''Jimin! Jimin kalk sevgilim çabuk!'' Yoongi telaşla yataktan doğrulduğunda Jimin'i hafif salladı. Jimin yeni uykuya daldığı gözlerini zorla açtığında sessizce mırıldandı. Daha önce kıyafetlerini giydikleri için şanslıydılar ama bu odadan hemen çıkmaları gerekiyordu. Jimin yataktan bir beden kedisini kalkması için zorlarken sonunda etrafına bakınmayı akıl etmişti.

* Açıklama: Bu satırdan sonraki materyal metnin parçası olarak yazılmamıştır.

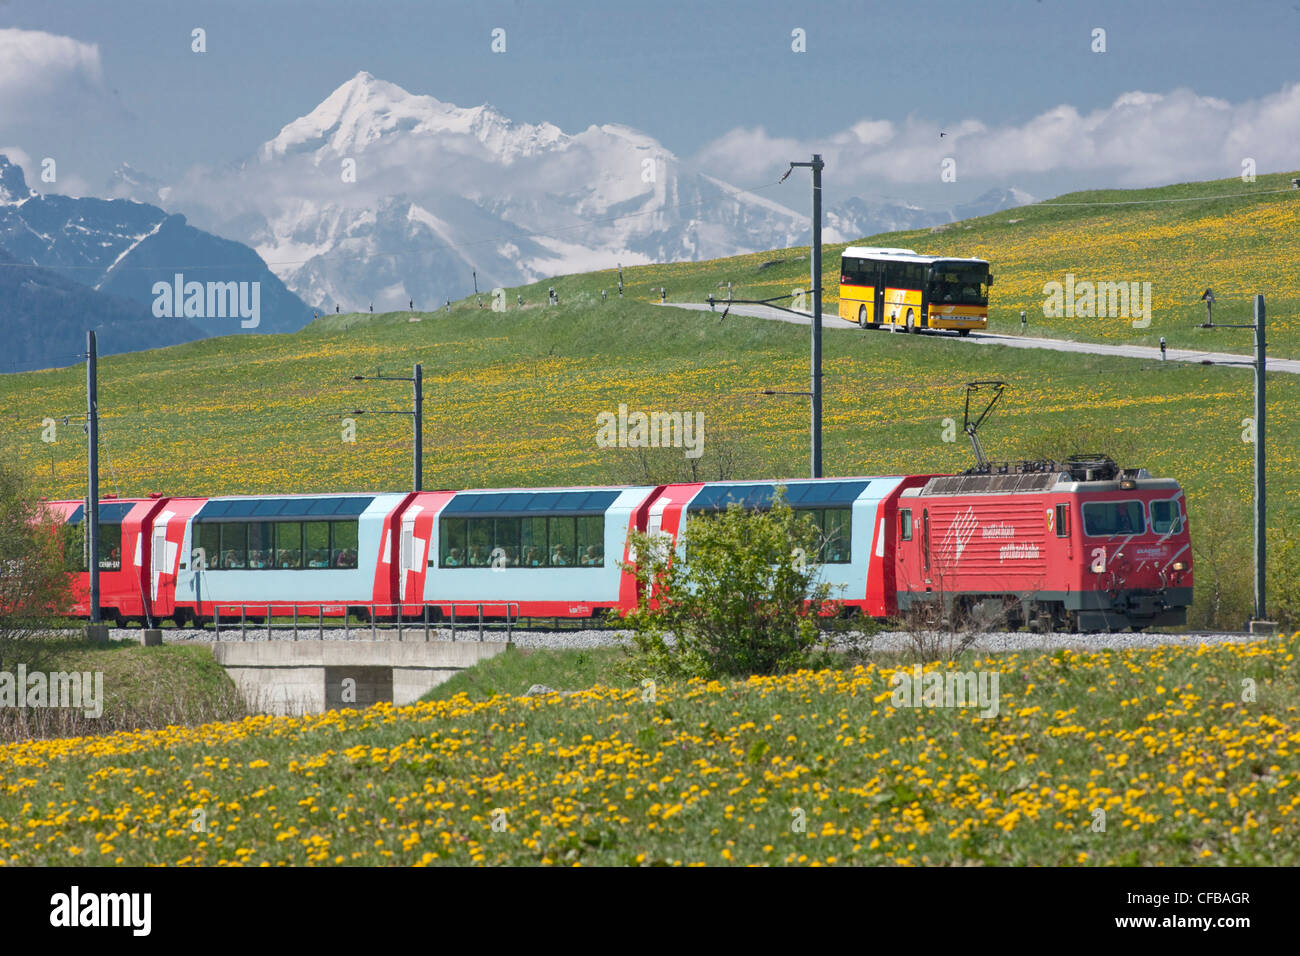 Straße, Bahn, Zug, Eisenbahn, Berg, Berge, Post van, Postauto, Wallis,  Wallis, Schweiz, Europa, Glacier express, p Stockfotografie - Alamy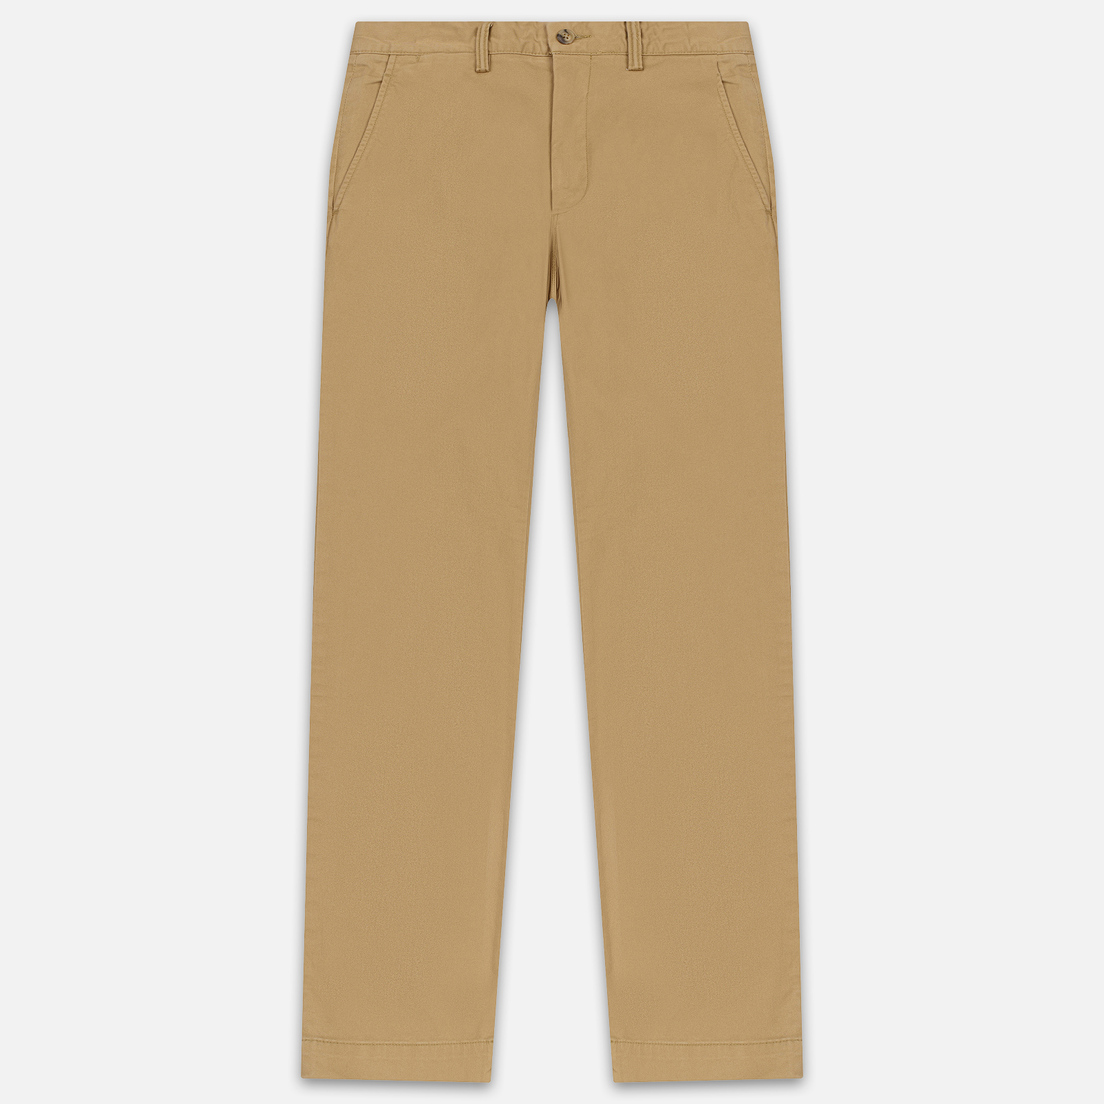 Polo Ralph Lauren Мужские брюки Slim Fit Bedford

Kaldıkları da hep ateş içindeydi ve Jimin'in uykulu gözleri fal taşı gibi açıldı.
Odanın her yeri alev alırken bir yandan da içeride toplanan duman ile hunharca öksürüyorlardı. Yoongi Jimin'in ellerini sıkıca tutarak onunla beraber kapıya doğru koşmaya başladılar. ''Yoongi ne oluyor burada?'' Jimin sulanan gözleriyle konuşurken Yoongi sadece endişeli bir şekilde bu odadan çıkmaları için çabalıyordu. Ardından tam kapıya ulaşacakları sıra bir alev topu daha odaya girdi ve bu sefer kapının tam yanına çarpmıştı. Jimin gelen alev topu ile küçük bir çığlık atmıştı.
Kapı şimdi alevler içinde kalmıştı ve içeride mahsur kalmışlardı. Dört bir yanı alevler içinde kalırken Jimin hıçkırarak Yoongi'nin koluna sarılıyordu. ''Taehyung ile Jungkook haklıymış. Onları dinlemeliydin Yoongi.'' Jimin Yoongi'nin kolunu daha sıkı tutarken Yoongi zaten endişeliydi ve şimdi daha çok panik yapmaya başlamıştı. Ateşi dahi umursamadan kapıya doğru koşmak için hazırlandı fakat Jimin Yoongi'i sıkıca tutarak engelledi. ''Hayır yapma.''
Yoongi elini ensesine attığında ne yapması gerektiğini düşünmek için bir süre sessizce beklemeye başladı. Tekrar odaya düşen ateş topu ile düşünmesi çok sürmedi. Yoongi kendini umursamadı ve hızlıca kolundaki eli iterek kendini ateş almış kapıya attı. Kapı yavaş yavaş eridiği için hemen açılmıştı ve Yoongi'nin ağır bedeni yer ile buluşmuştu. Jimin Yoongi'nin bu yaptığına kocaman bir çığlık atmıştı ve öylece odanın ortasında beklemeye başalamıştı.
''Hadi gel Jimin!''
Jimin titreyen bacakları ile zorla yürüyerek kırılan kapının tam önünde durdu. Yoongi Jimin'in belinden tutarak hızlıca kendine çekti ve odadan kurtardı. Dışarı çıkmak için koridora koşarlarken çığlıkların kraliyette dağıldığını duydular. Sadece Kralın odası değil her yeri ateşe veriyordular. Yoongi'nin bir düşündüğü şeyde kraliyetiydi. Oraya gidip tahtını kontrol etmeli ve askerlerini yönlendirmeliydi.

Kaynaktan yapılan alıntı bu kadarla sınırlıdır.